Tra utopisti e catastrofisti rassegnati gli autori sembrano abbracciare la posizione di Pierre Dupuy e il suo “catastrofismo illuminato”, che prevede «una valutazione realistica e radicalmente attuale dei pericoli di distruzione […] cioè tiene conto dell’aspetto sistemico del male e prova a salvarsene» (p. 19). Ma chi decide in merito a certe pratiche? In sostanza chi è che dovrebbe salvarci? Sembra impossibile «governare collettivamente e consensualmente la complessità» (p. 29), non è un caso il graduale ma inesorabile scollamento tra cittadini e politica. Conseguenza di ciò la diffusione di una depressione condivisa che tuttavia potrebbe costituire una risorsa, come vuole James Hillman, che intende la depressione come vero e proprio atto politico, che rifiuti l’accelerazione coatta cui il secolo hi-tech conduce, e che sia caratterizzata da una «riflessività pensosa, lenta introversa e silenziosa» (p. 35), da parte di una società che comincia a fare i conti con i propri limiti.

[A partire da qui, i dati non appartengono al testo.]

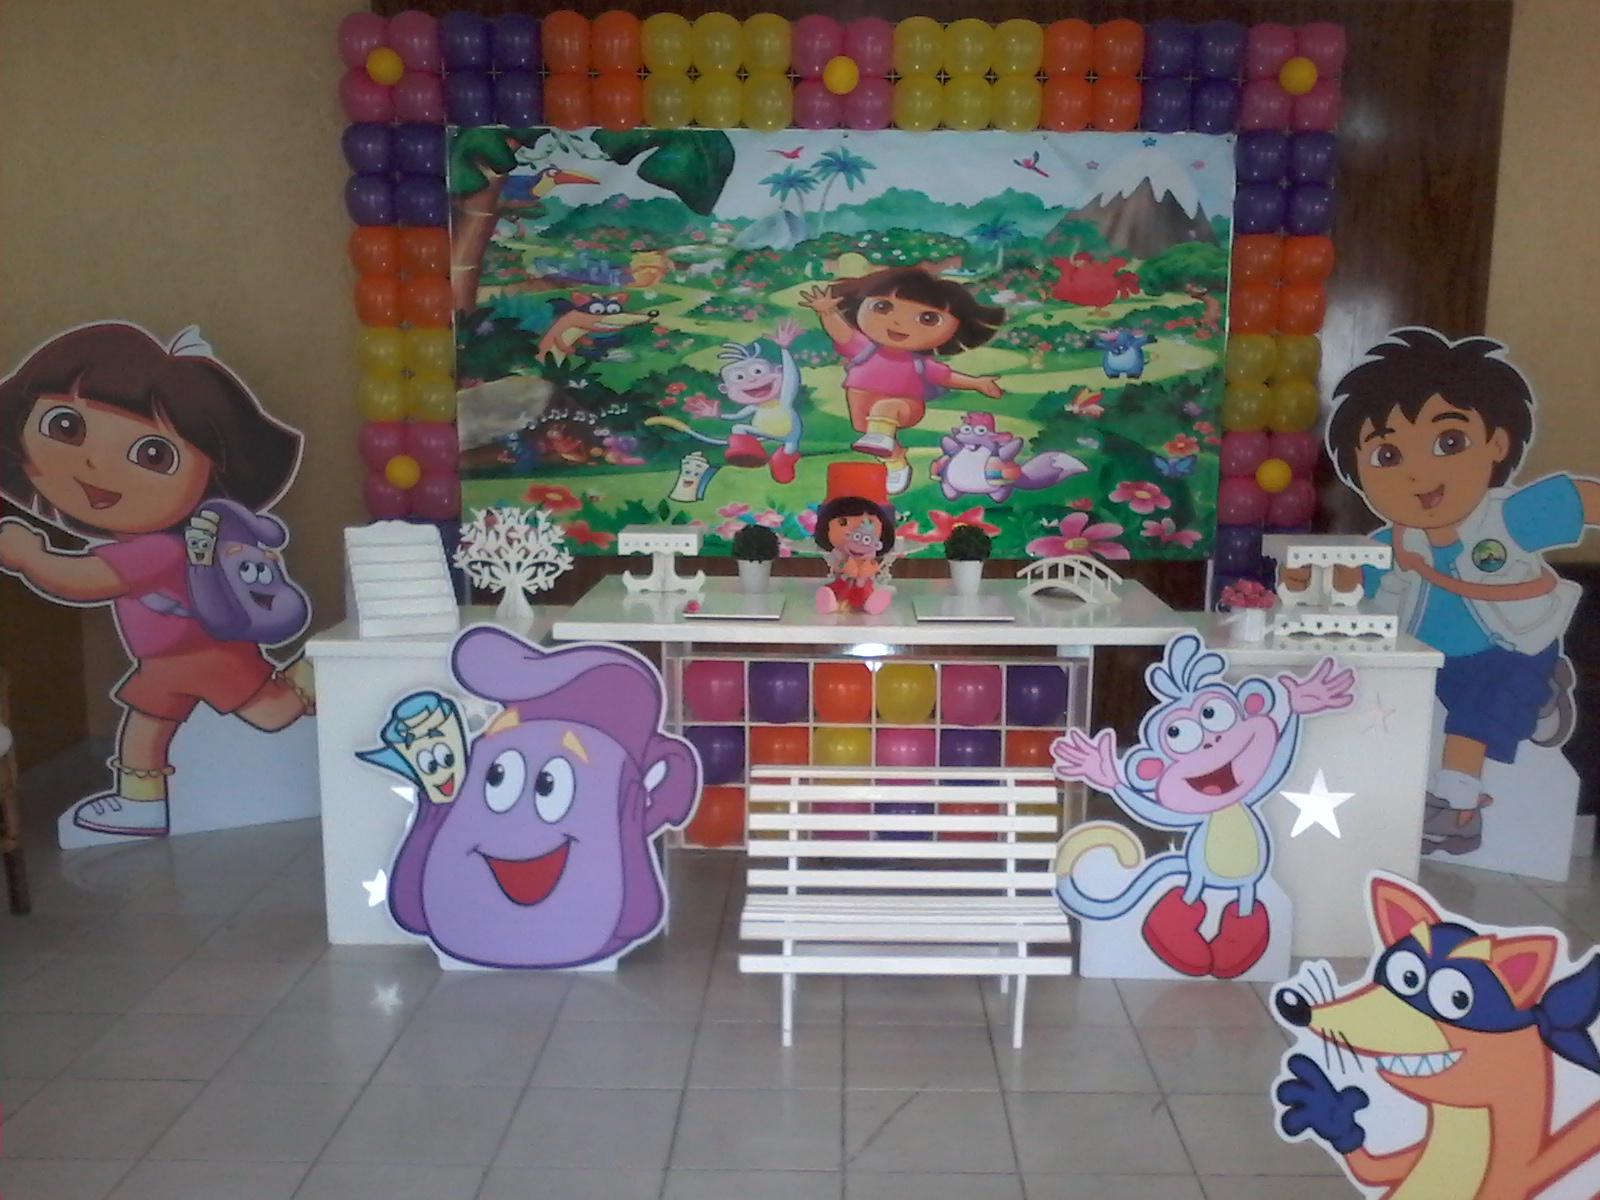 Curtam minha pagina:www.facebook.com/cleandecoracao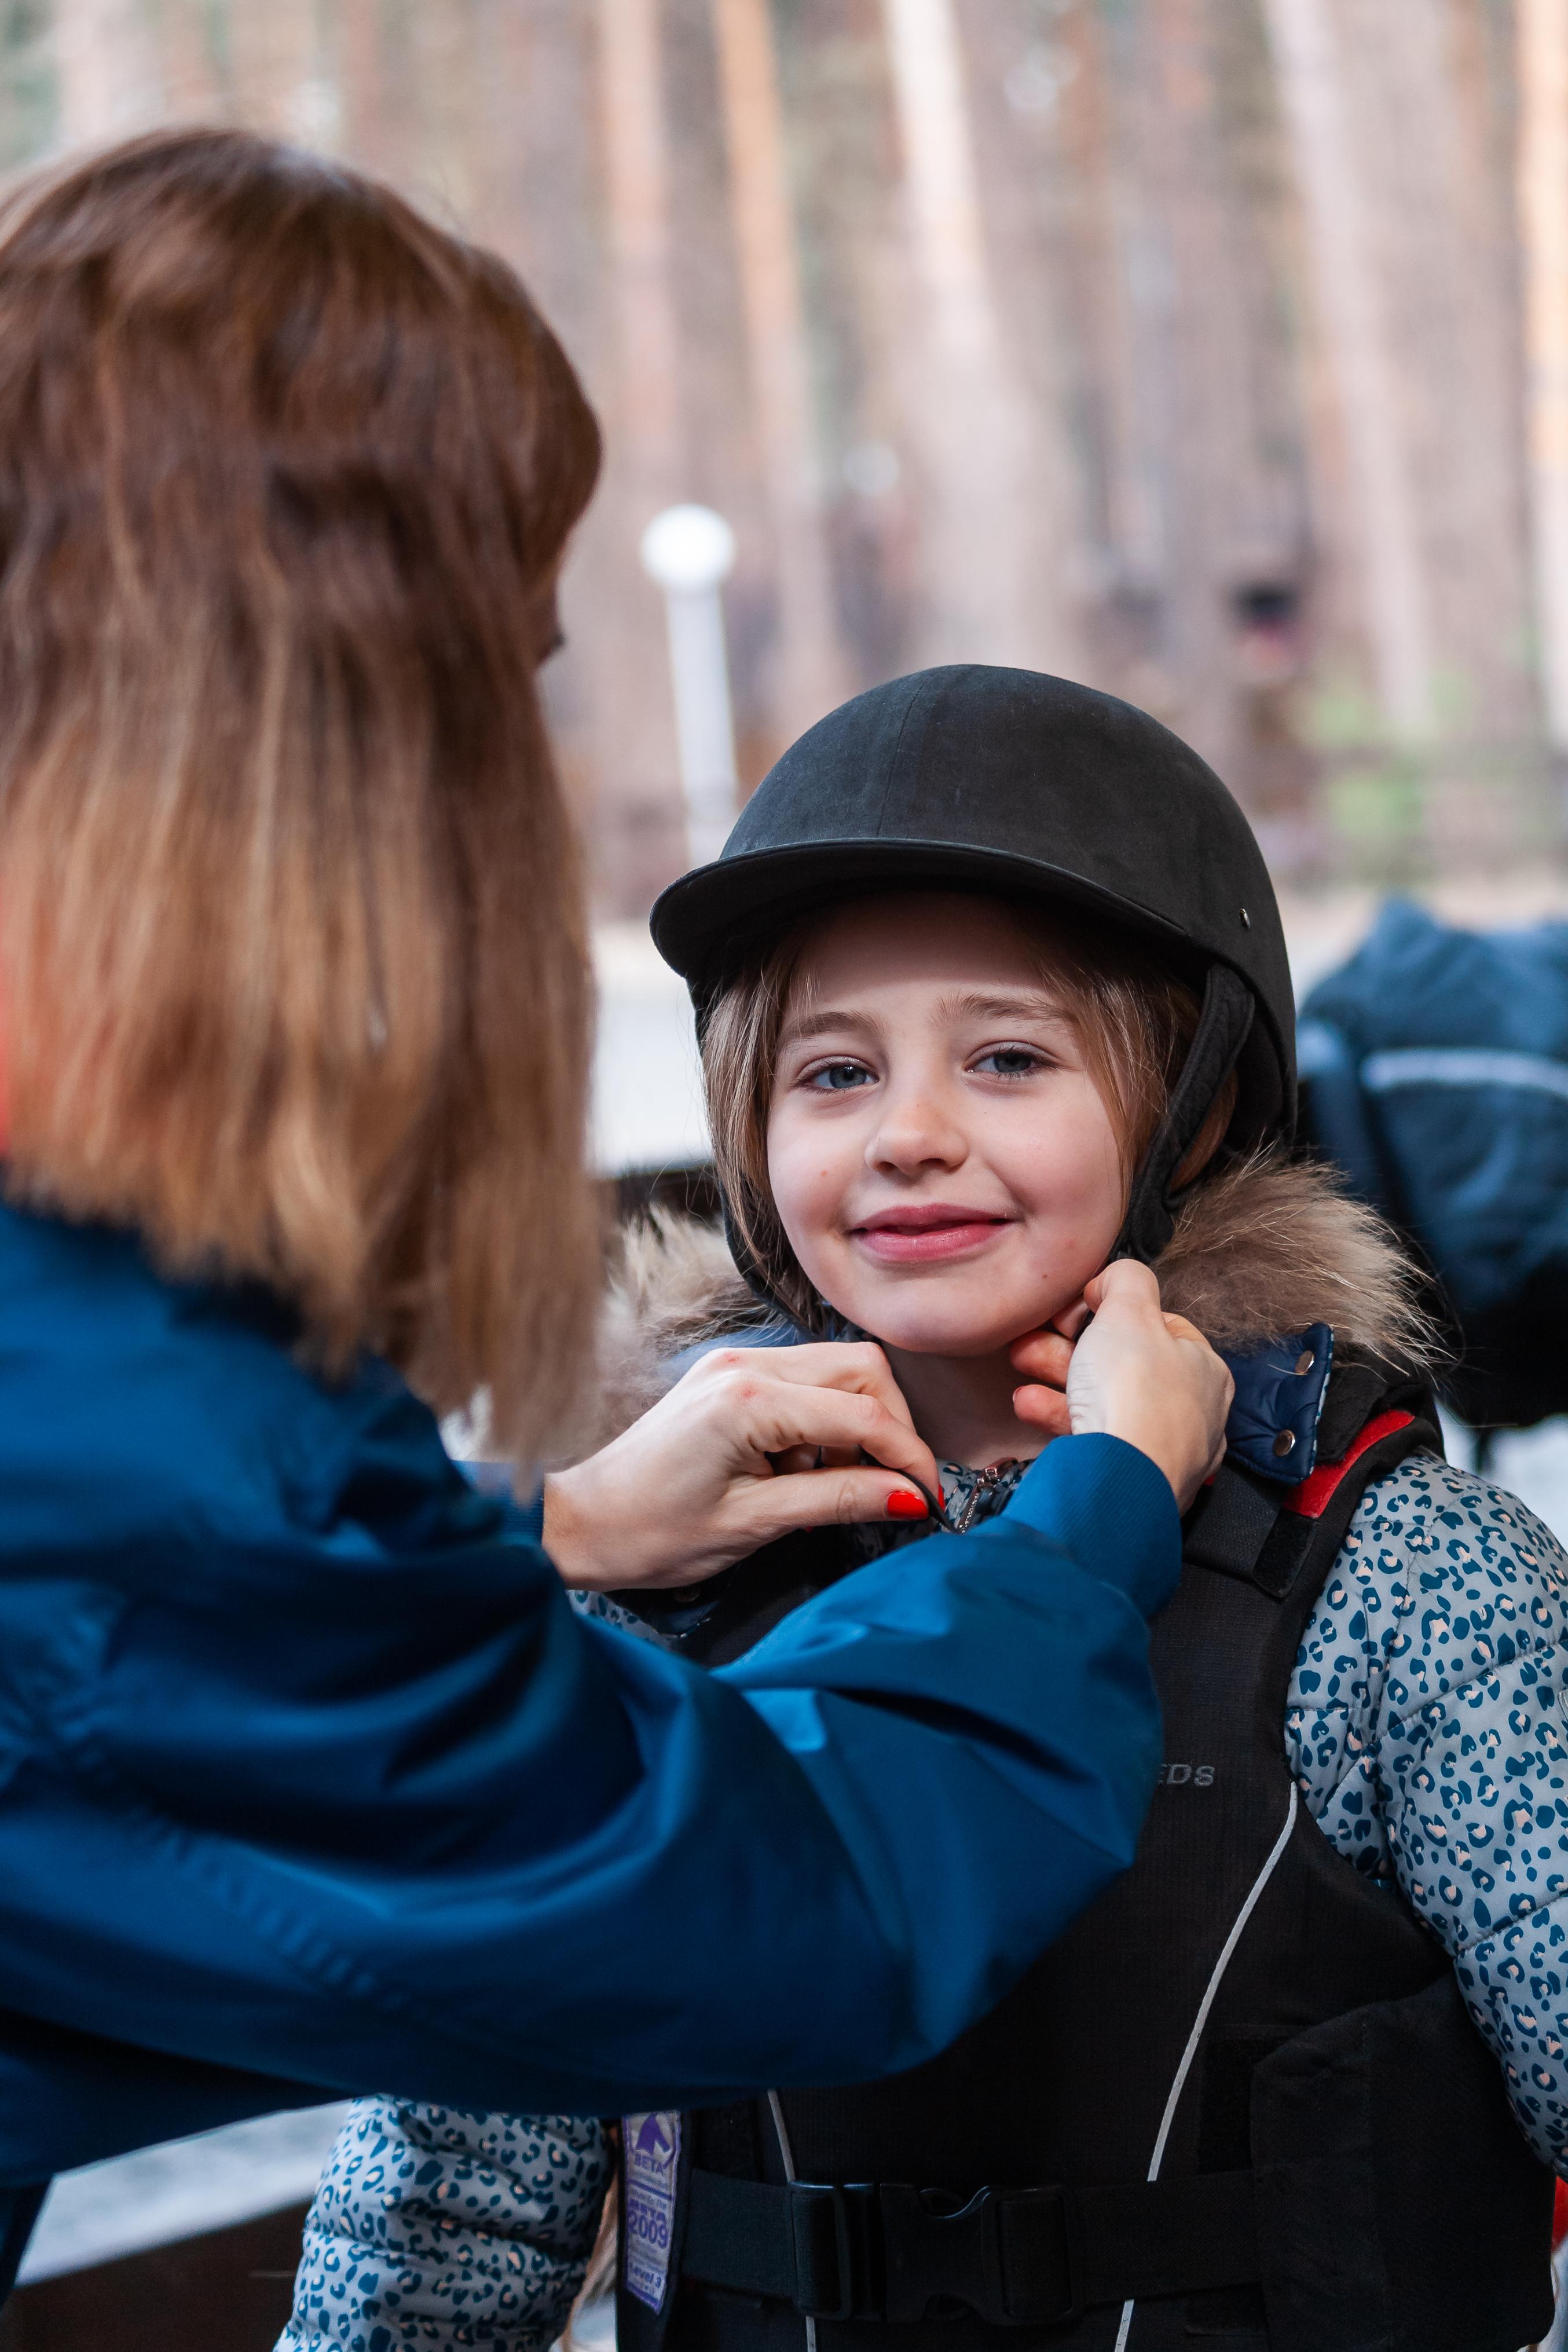 Фото Дитячий портрет в динаміці

Si dovrebbe procedere dunque verso una vera e propria “ecologia della mente”, che potrebbe partire dall’educazione: «insegnare i contenuti solo e sempre all’interno di cornici più ampie; sviluppare conoscenze e approcci che permettano doppie descrizioni e salti tra contesti e apparenti opposizioni; far studiare e sperimentare epistemologie, logiche e procedure non lineari» (p. 39). Al di là del ruolo politico dei tecnici, che la contemporaneità sembra invocare come novelli salvatori, bisognerebbe recuperare «la fatica di un pensiero complesso e interdisciplinare» (p. 45). Pensare la catastrofe significa protendersi verso un “futuro anteriore”, fare come se, rimettendo in gioco la nozione di tempo: «da una concezione lineare e progressiva ad una circolare, che riallaccia futuro e presente, futuro e passato, in una sorta di futuro anteriore, un futuro che parla di sé, ed è pensato e vissuto come se fosse già anche avvenuto» (p. 57). Questo potrebbe forse dare vita a un’etica non antropocentrica, che consideri insieme il vivente e l’umano. Tuttavia l’atteggiamento che di solito assumiamo davanti a problemi di vasta portata, è al contrario quello dell’ignoranza consapevole, che è una vera e propria strategia di sopravvivenza attraverso la quale fingiamo di ignorare quanto non ci piace o quanto temiamo.Negli ultimi anni va tuttavia sviluppandosi una vera e propria “pedagogia della catastrofe”, per la quale lo stress a cui la nostra specie è sottoposta potrebbe determinare la ricerca di «nuovi apprendimenti […], una potente ristrutturazione cognitiva» (pp. 109-110); si tratterebbe dunque di una lacerazione che presenta un grande potenziale evolutivo, che consiste nell’elaborazione cognitiva del limite, cui l’homo oeconomicus è poco abituato. Del resto «fra la fede nel potere taumaturgico della scienza e della tecnologia, e la fiducia romantica (new age o trascendentale) in un mondo biologico incorrotto, in tutto quanto è natura […] c’è di mezzo il mondo, un mondo che si nutre di interdisciplinarietà, di precisione, di fatica e di fantasia» (p. 144).